B. The Borrowers' joint and several obligation to repay the
revolving advances made by the Bank under the Credit Agreement is evidenced by
the Borrowers' Revolving Note dated August 23, 1996, payable to the Bank's order
in the original principal amount of $5,000,000 (the "Note").
C. The Borrowers have requested, among other things, that the
Bank waive certain Events of Default on the part of K-Tel USA and Dominion.
D. The Bank is willing to grant the Borrowers' requests
subject to the terms and conditions hereinafter set forth.
NOW, THEREFORE, the parties hereto agree as follows:
1. All capitalized terms used in this Seventh Amendment,
unless specifically defined herein, shall have the meanings given to such terms
in the Credit Agreement.
2. Events of Default have occurred under Section 7.1(c) of the
Credit Agreement because (i) K-Tel USA did not have the required minimum Capital
Base of at least $1,500,000 during certain periods through the date of this
Amendment as required by Section 5.10 of the Credit Agreement, (ii) Dominion did
not have the required minimum Capital Base of at least $1,800,000 during certain
periods through the date of this Amendment as required by Section 5.11 of the
Credit Agreement, (iii) K-Tel USA did not have the required Debt to Capital Base
Ratio of not more than 13.0 to 1.0 during certain periods through the date of
this Amendment as required by Section 5.8 of the Credit Agreement and (iv)
Dominion did not have the required minimum Debt to Capital Base Ratio of not
less than 0.50 to 1.0 during certain periods through the date of this Amendment
as required by Section 5.9 of the Credit Agreement.
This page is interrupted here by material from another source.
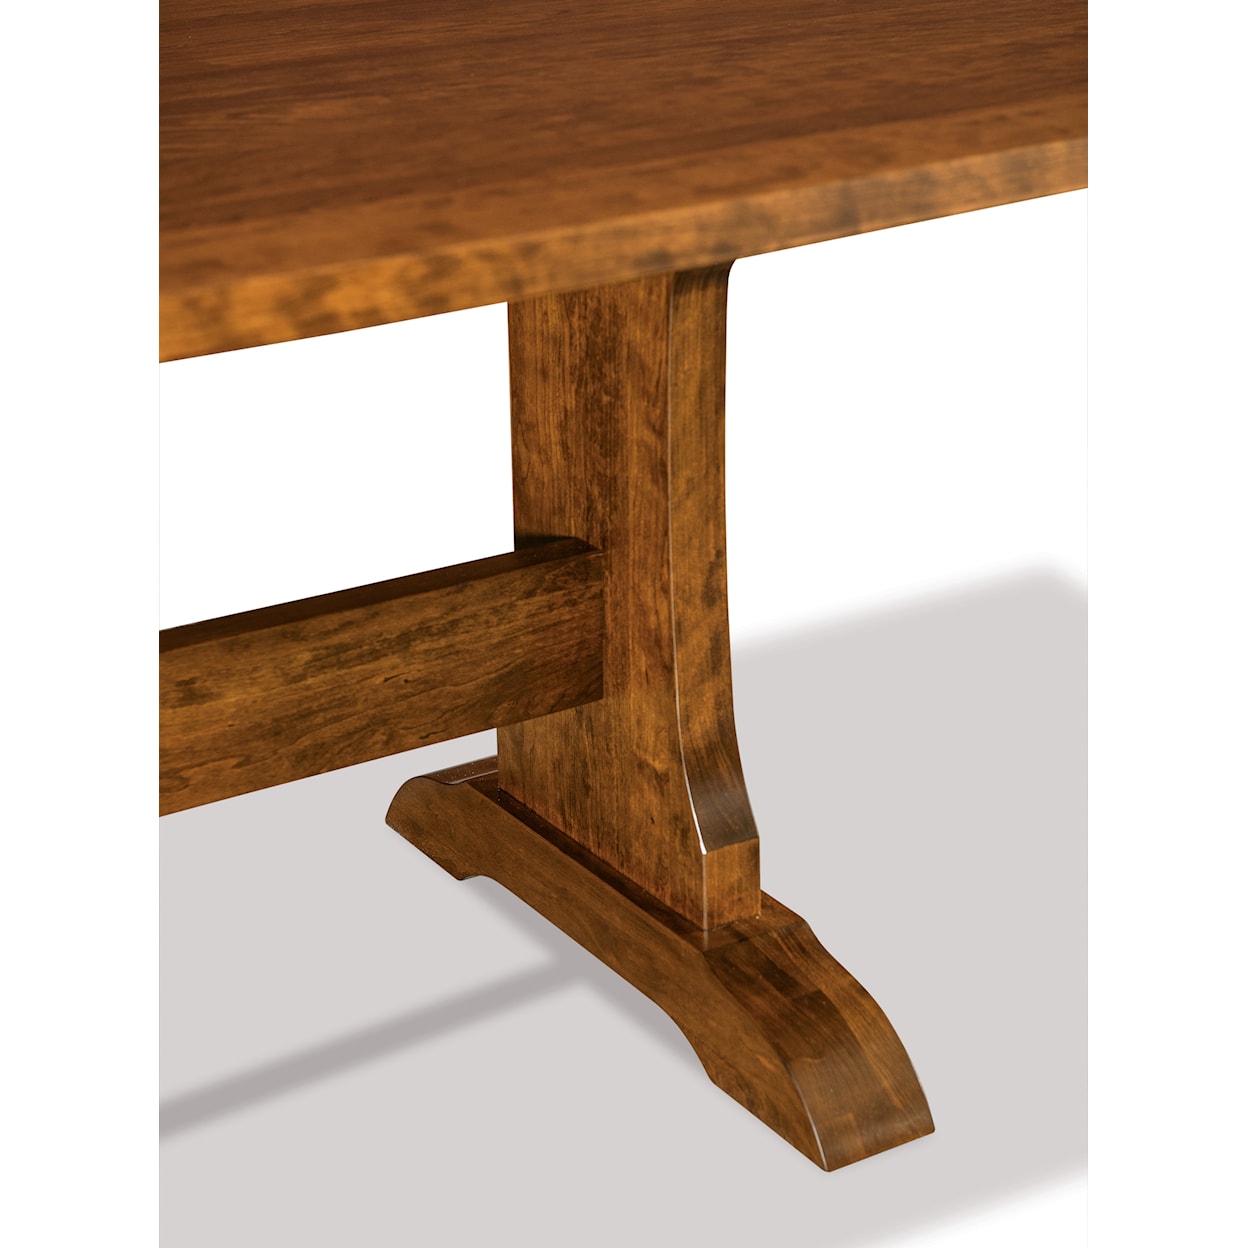 Archbold Furniture Bob Timberlake 36x72 Signature Solid Top Trestle Table
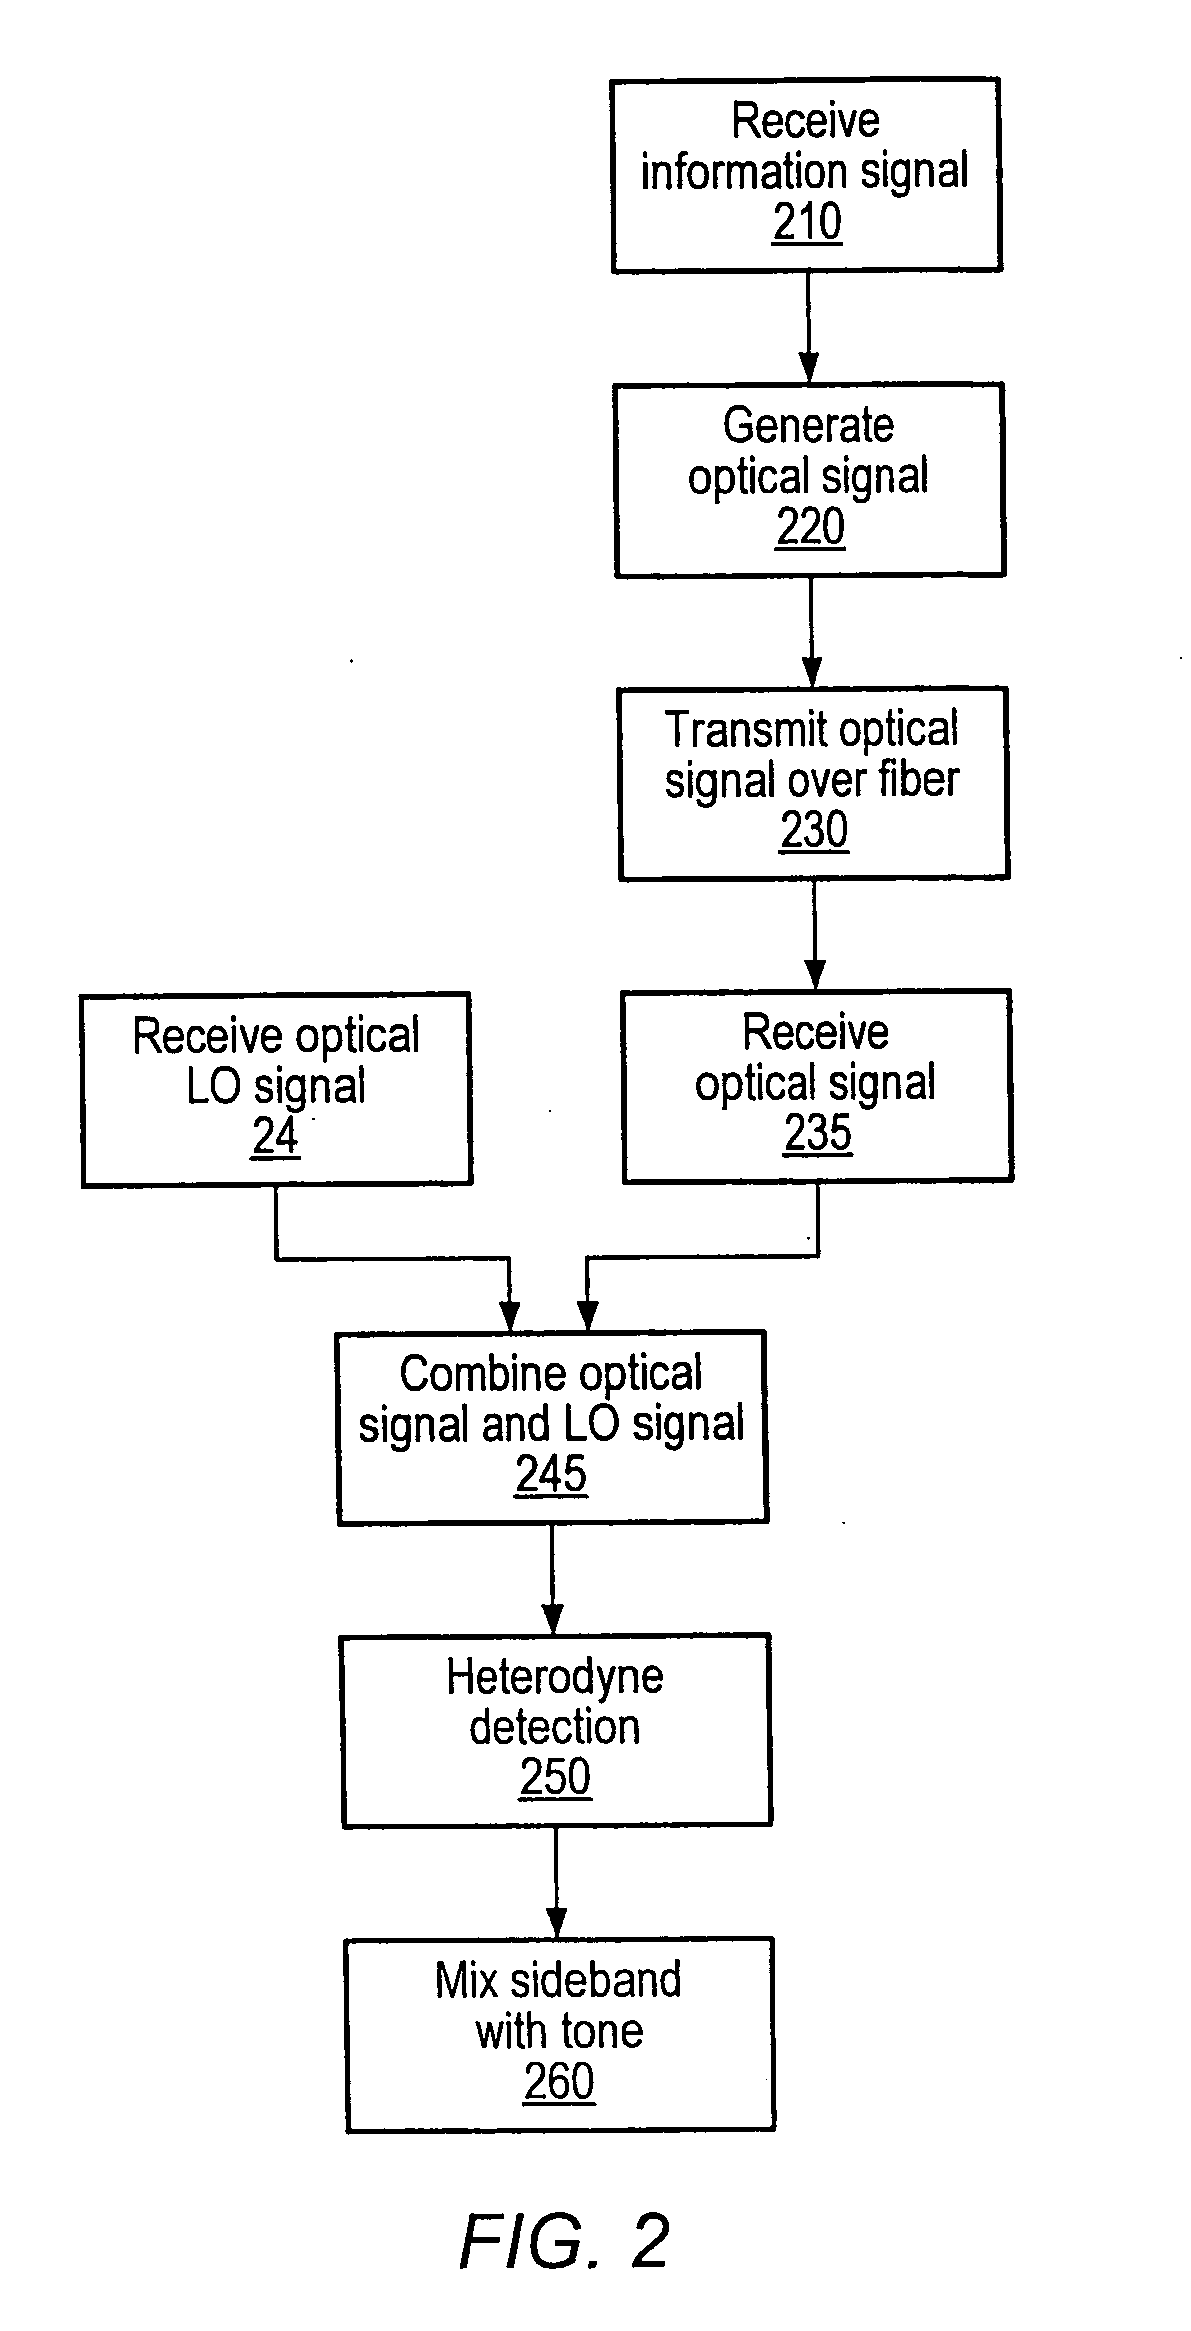 Optical communications using multiplexed single sideband transmission and heterodyne detection

Upon the terms and subject
to the conditions set forth in this Seventh Amendment, the Bank hereby waives
the foregoing Events of Default and the Bank hereby prospectively waives future
Events of Default arising from the Borrowers failure to comply with the
requirements of Sections 5.8, 5.9, 5.10 and 5.11 through November 30, 1996. This
waiver shall be effective only in this specific instance and for the specific
purpose for which it is given, and this waiver shall not entitle the Borrower to
any other or further waiver in any similar or other circumstances.
3. Section 1.1 of the Credit Agreement is hereby amended by
deleting the existing definition of "Interest Rate Spread" and by substituting
therefor the following new definition:
"'Interest Rate Spread' means (i) one and three-quarters of
one percent (1.75%) through and including October 31, 1996 and (ii) two
percent (2.00%) from and after November 1, 1996."
4. Section 1.1 of the Credit Agreement is hereby amended by
adding the following new definition of "Seventh Amendment" in the appropriate
alphabetical location:
"'Seventh Amendment' means that certain Seventh Amendment to
Revolving Credit Agreement dated as of October 9, 1996, between the
Bank and the Borrowers."
5. This Seventh Amendment shall not become effective until the
Bank shall have received each of the following in form and substance acceptable
to the Bank:
(a) The Acknowledgment and Agreement of Guarantor attached
below.
(b) A copy of the Articles of Merger, certified by the
Minnesota Secretary of State, pursuant to which K-Tel, Inc. was merged
into K-Tel USA, with K-Tel USA as the surviving corporation.
(c) Such other items as the Bank may require.
6. References. From and after the date of this Seventh
Amendment all references in the Credit Agreement to "this Agreement" shall be
deemed to refer to the Credit Agreement as amended by this Seventh Amendment.
7. No Other Changes. Except as explicitly amended by this
Seventh Amendment, all of the original terms and conditions of the Credit
Agreement shall remain in full force and effect.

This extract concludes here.